- _EXERCISE GOAL_:
Using the line that contains "The ebonised wood" as the first line and the last line of the data as the final one, give every line in that range again exactly.
[[ DATA EXTRACT open ]]
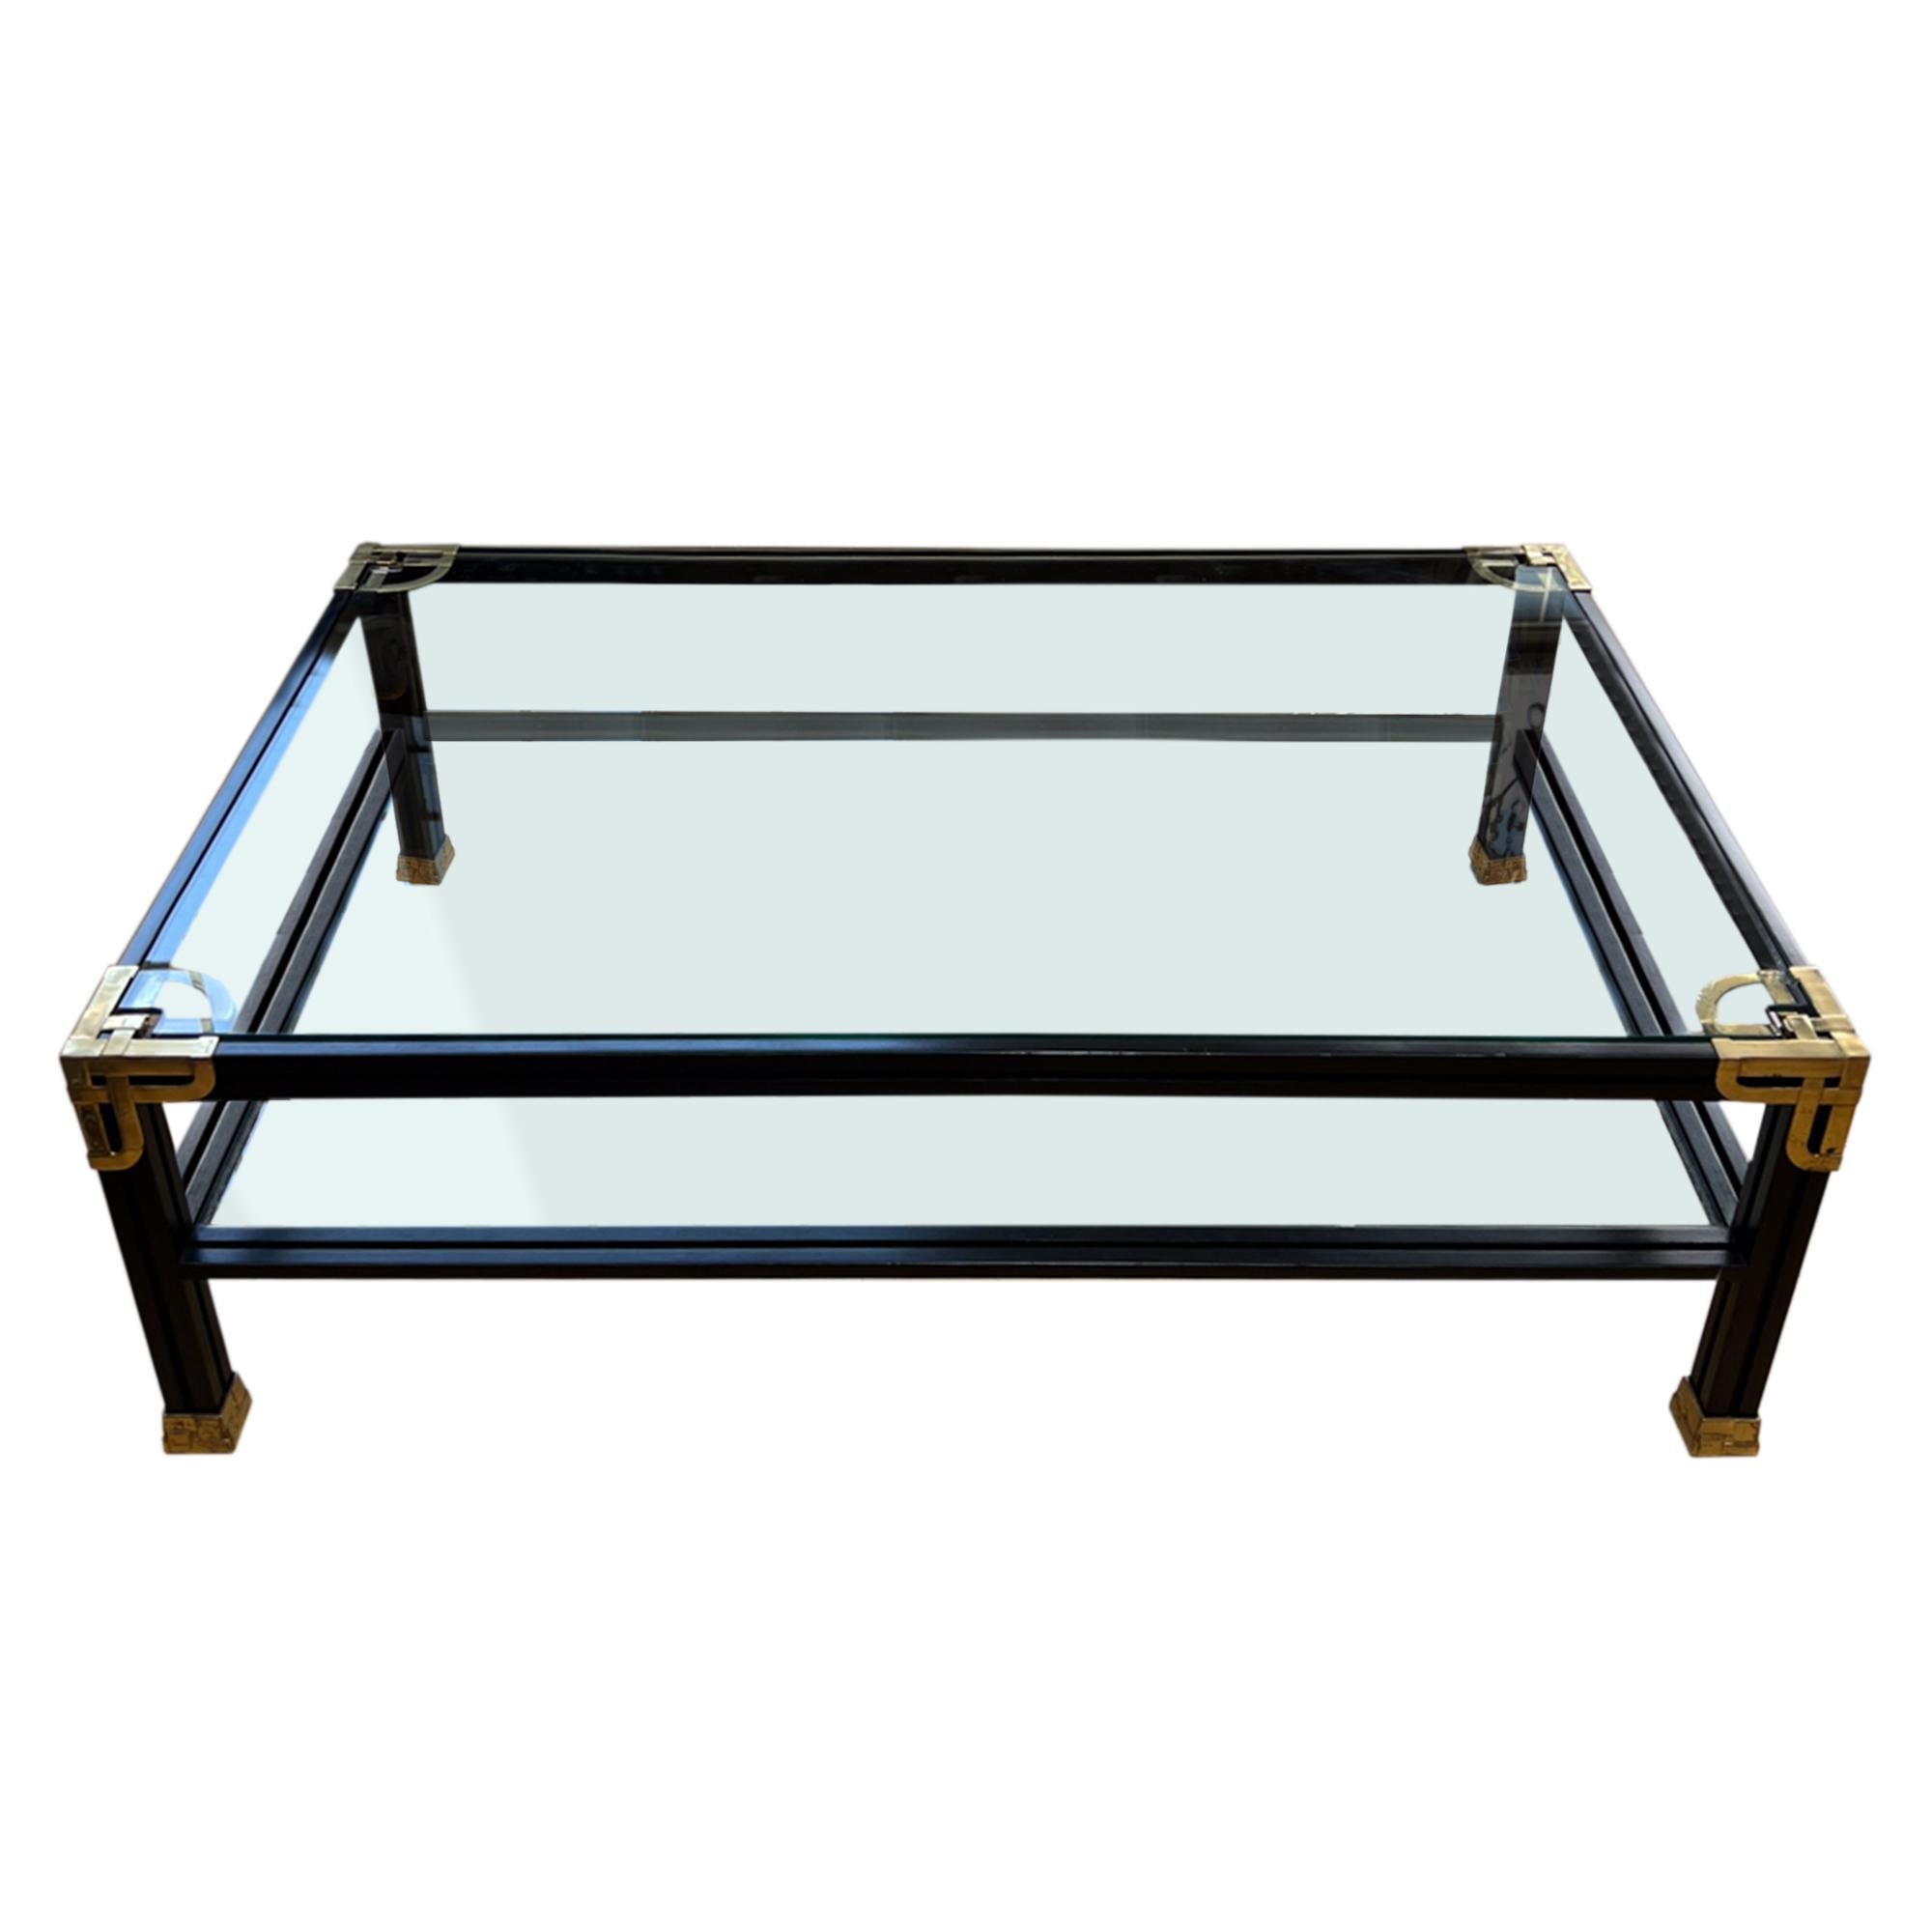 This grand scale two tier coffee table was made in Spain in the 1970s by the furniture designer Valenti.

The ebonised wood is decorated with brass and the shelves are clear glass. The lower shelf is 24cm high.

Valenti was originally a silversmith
[[ DATA EXTRACT closed ]]
- _REPLY TO THE TASK_:
The ebonised wood is decorated with brass and the shelves are clear glass. The lower shelf is 24cm high.

Valenti was originally a silversmith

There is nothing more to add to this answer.